I'm having trouble with ending up in my catch block without any indication of why. Code blocks like:

try { $self->_run($self, $row_id, $subject) } catch { $logger->error("run($row_id): $_\n") }; $self->_clear_subject;

(that $logger is from Log::Log4perl).

Something happens down in $self->_run() and I end up in the catch block, but with no indication of why.

So, what are the things that count as "errors" for Try::Tiny? The docs just say "error", which doesn't mean anything terribly precise. The obvious case I know about is die calls. I don't have any die calls with null strings as their arguments. (What I end up with in the catch block is a string that Data::Dumper prints as ''. I know that's not impossible; the error put in $_ may not be "true". But I don't have a die statement with a null string arg, and I wouldn't expect DBIC or any standard module to have a die call with a null string arg.)

I'm using DBIC database stuff in there, and I know it throws errors (in fact that's the point of this whole setup, to catch any errors it throws), but I don't expect it to throw null string errors; does it sometimes?

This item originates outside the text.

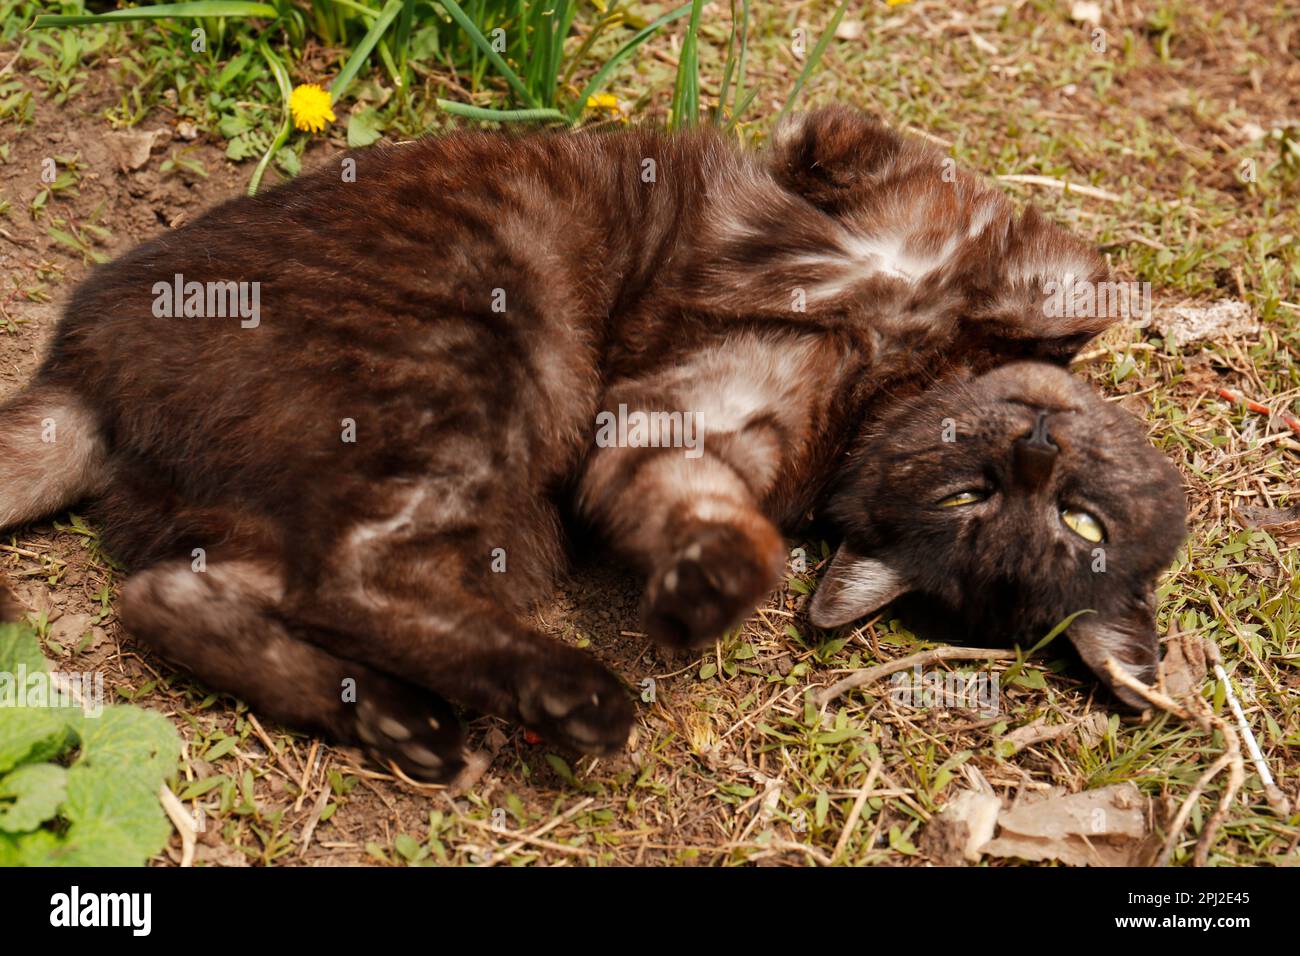 Adorabile gatto scuro che riposa su erba verde all'aperto Foto Stock

I may also be slightly wrong about how far my code got; I've run into at least one case (that I can't reproduce in a simple environment) where it seemed that $logger->trace("String with undefined $variable substituted"); would log nothing ($variable is undef; I'd expect it to log "String with undefined substituted" and give a warning on stderr about the undef, and that's what a simple program that does only that produces). Other trace level calls through the same $logger in the same module are logged. As I say, I can't reproduce this in a simple case, it may be another example of my getting confused.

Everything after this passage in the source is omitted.